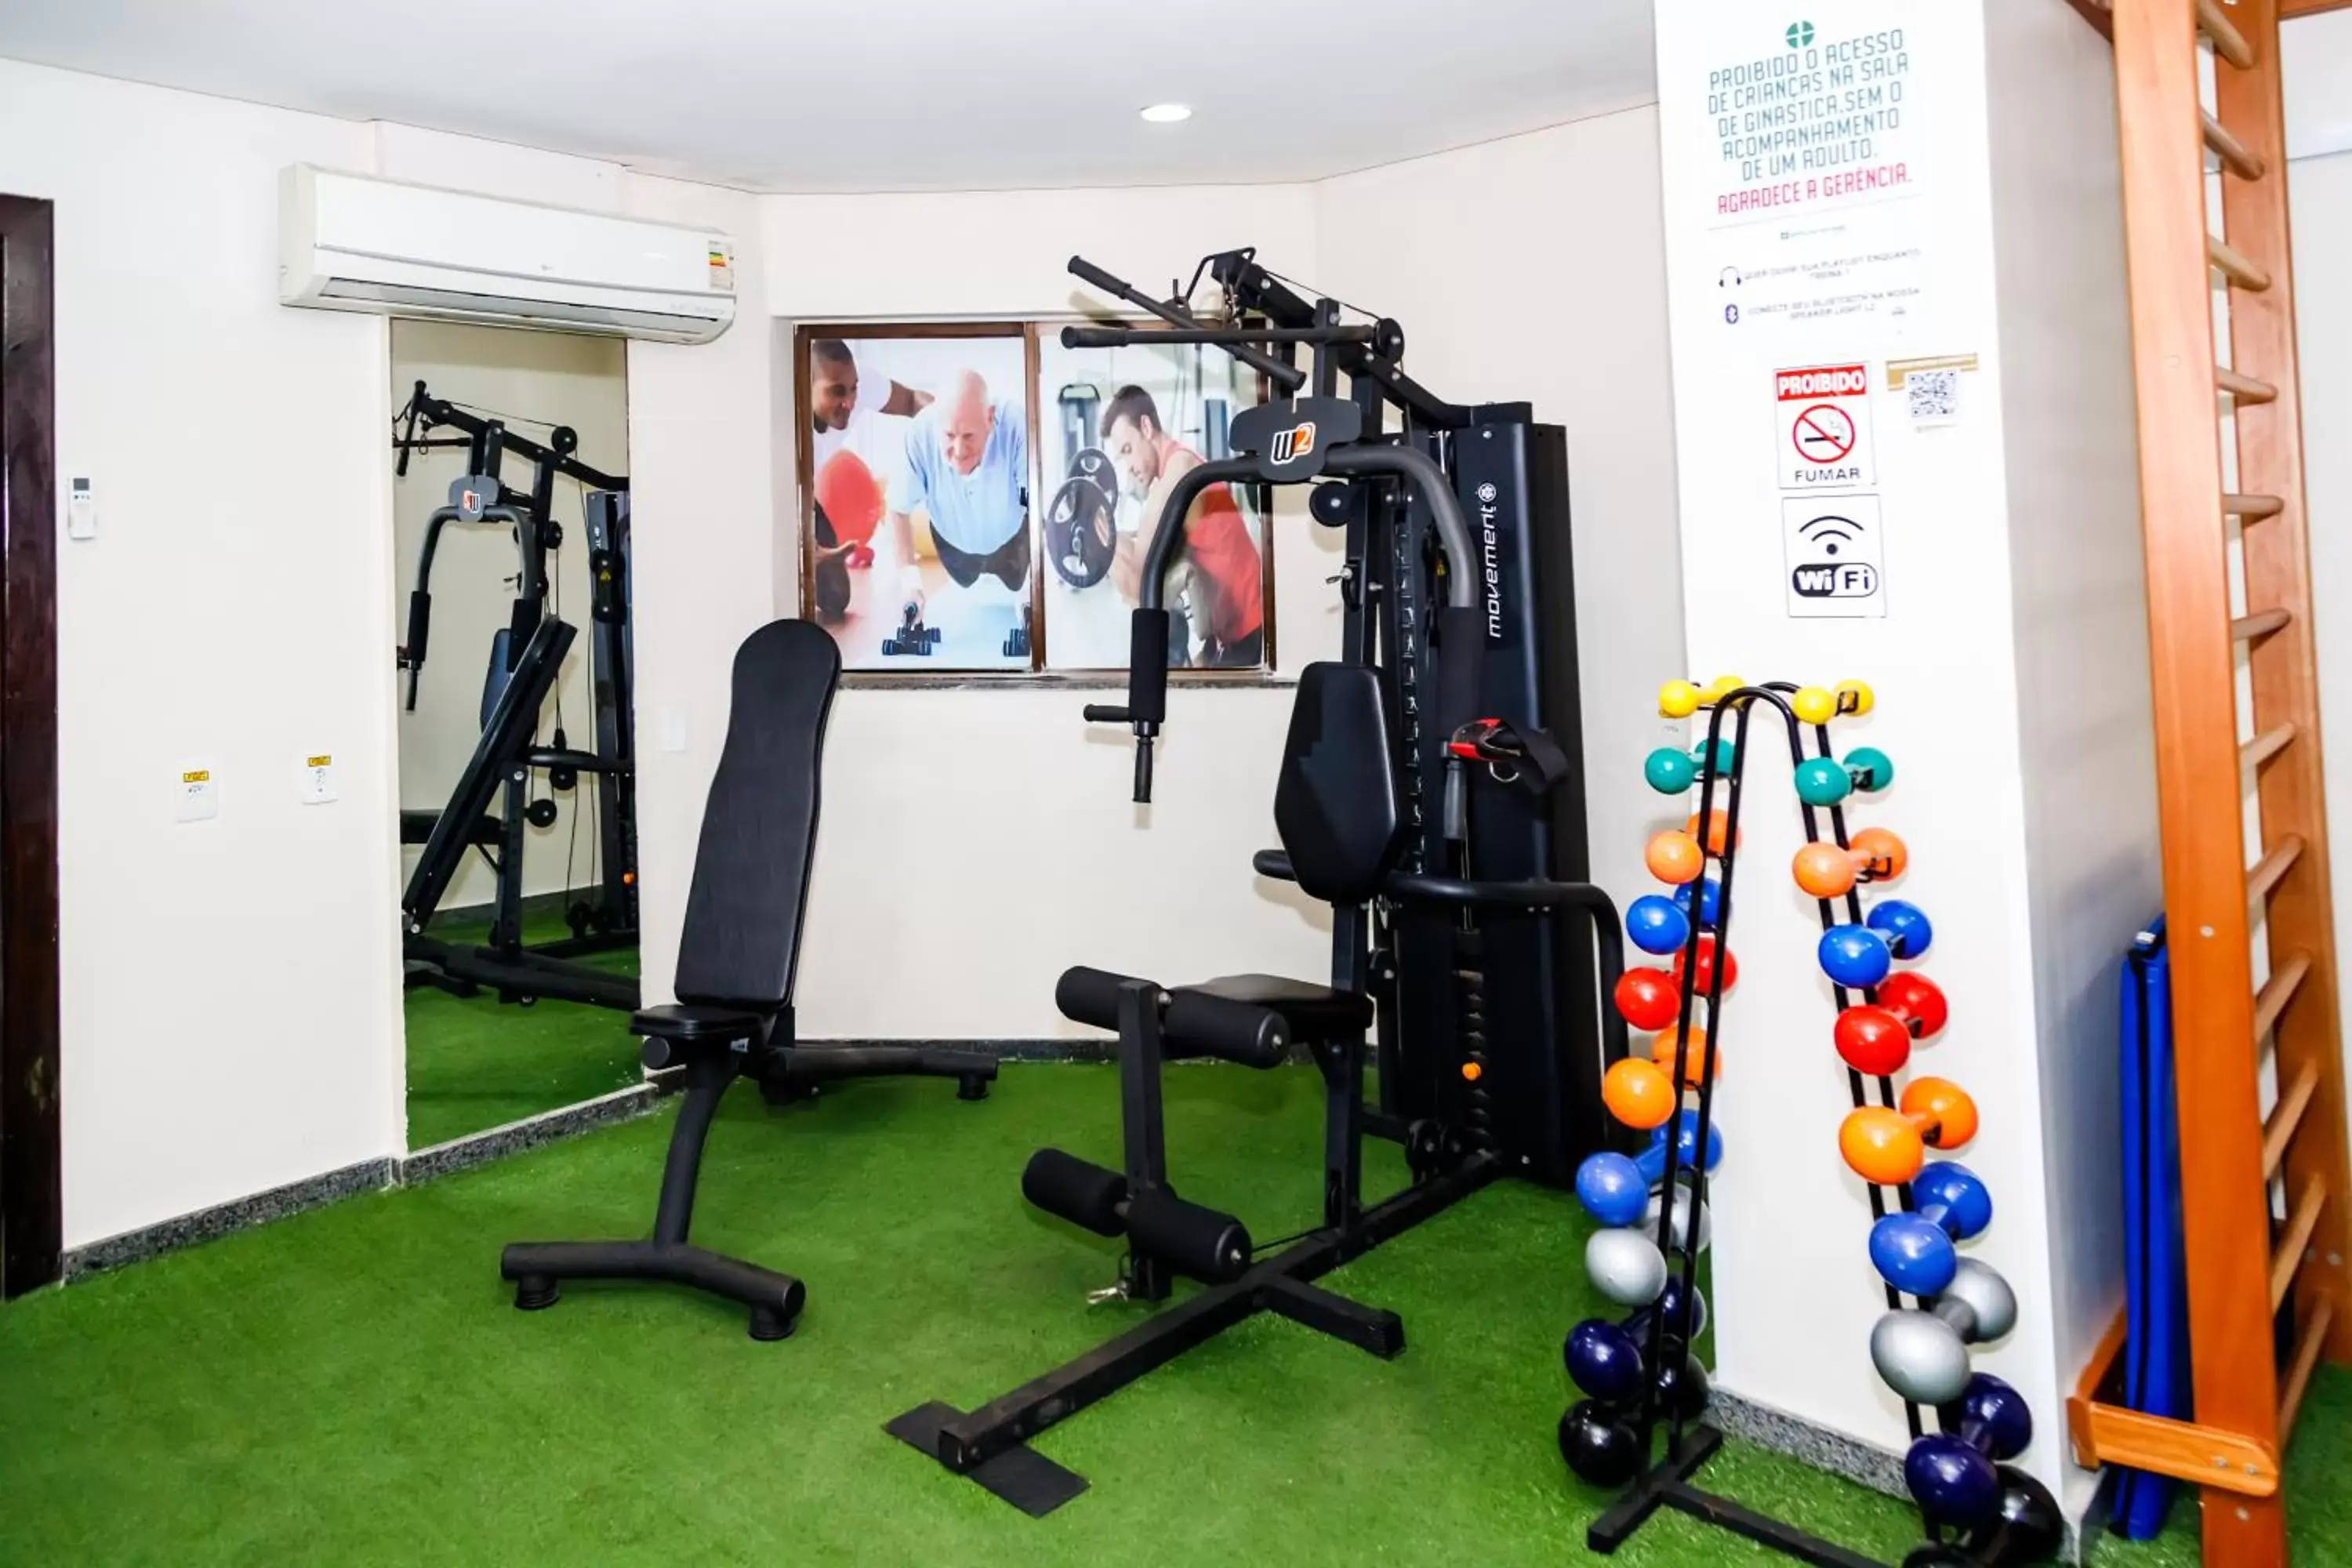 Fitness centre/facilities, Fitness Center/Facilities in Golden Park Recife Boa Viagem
□ □ □ □
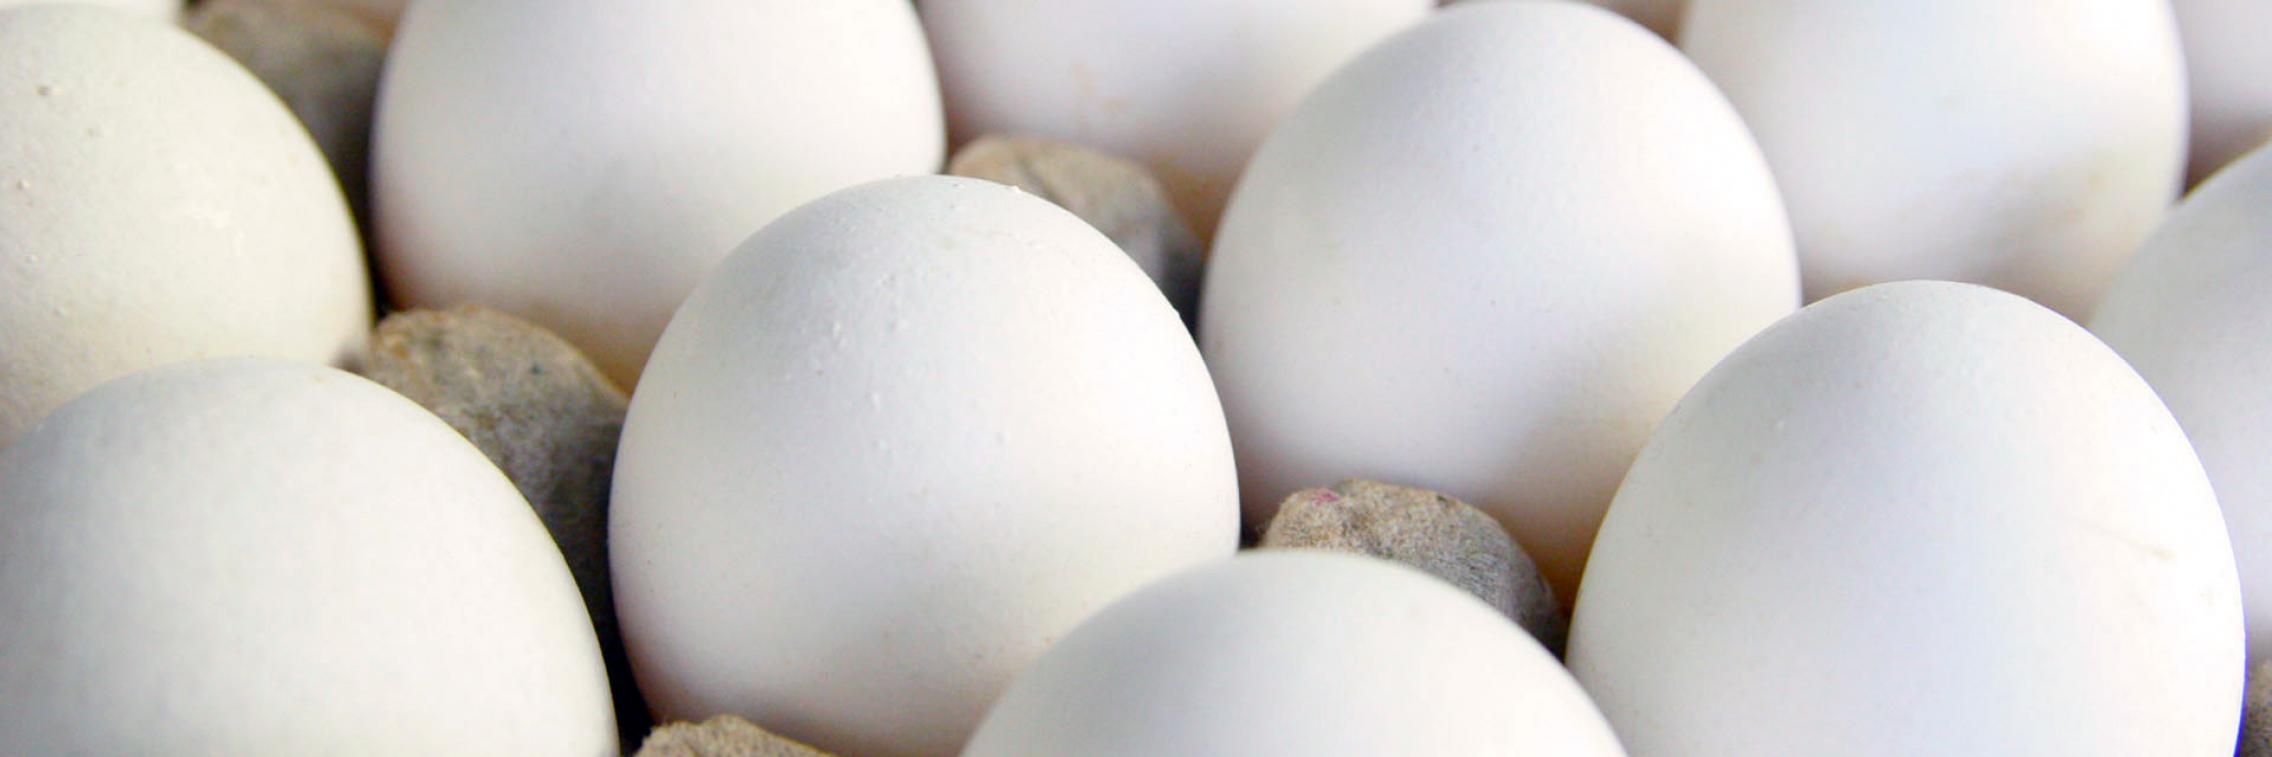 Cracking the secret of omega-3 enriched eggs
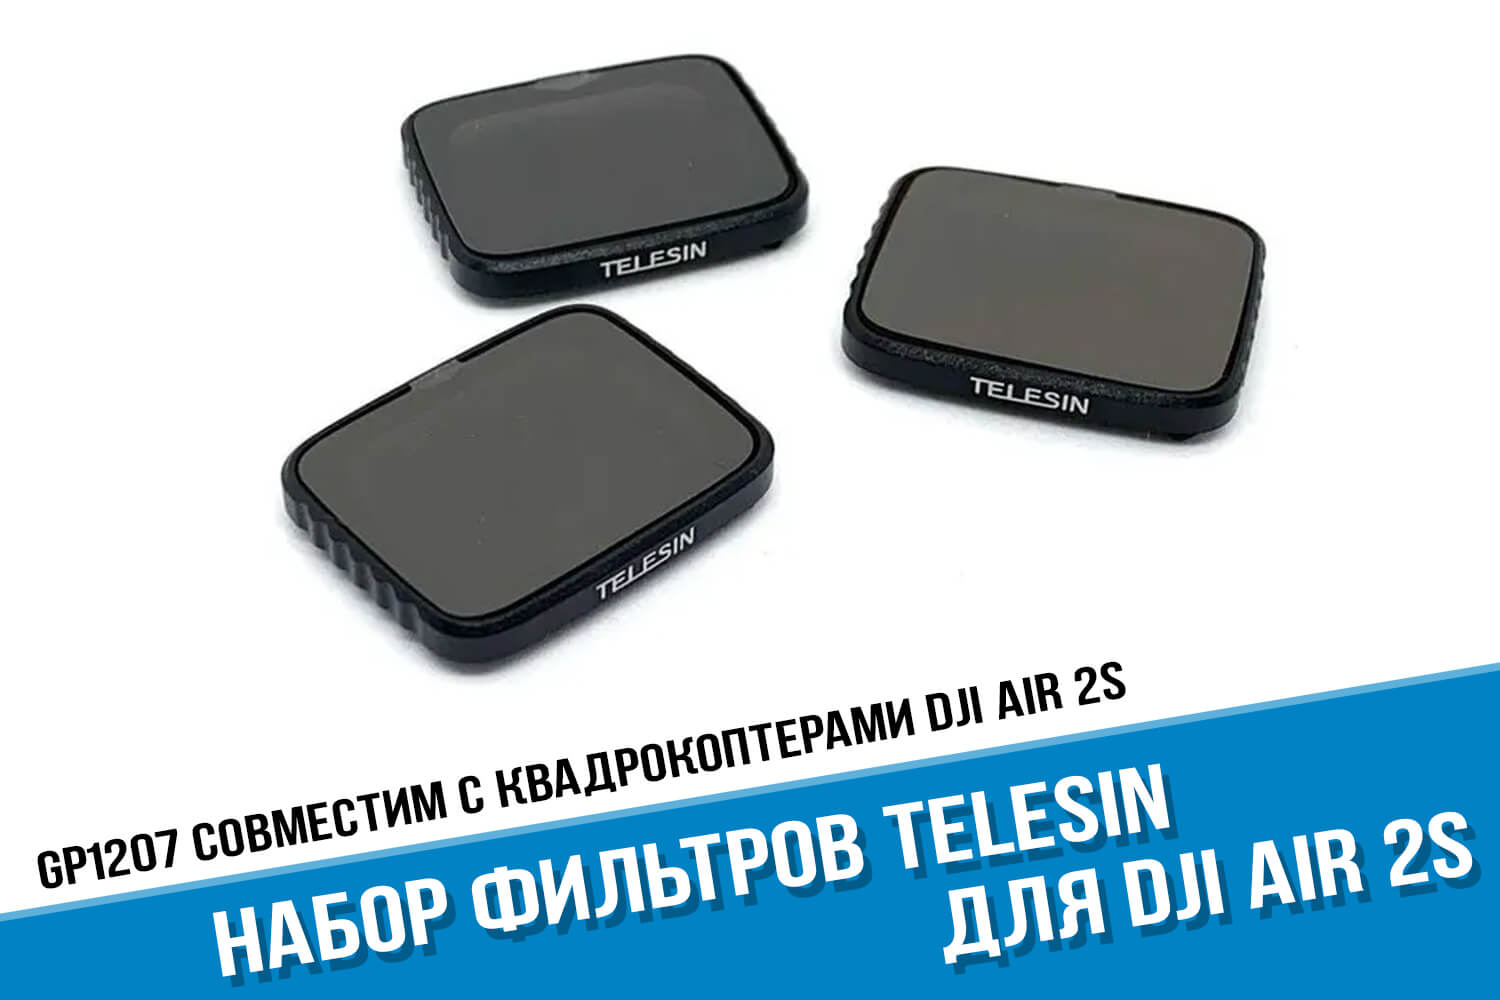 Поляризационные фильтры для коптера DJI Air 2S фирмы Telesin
□ □ □ □
* **Exercise aim**:
Everything from the line with "Cracking the secret of omega-3 enriched eggs" down to the line with "Поляризационные фильтры для" in the data above should be copied exactly, with both end lines kept and the pictures left out.

* **Exercise output**:
 Cracking the secret of omega-3 enriched eggs
 Поляризационные фильтры для коптера DJI Air 2S фирмы Telesin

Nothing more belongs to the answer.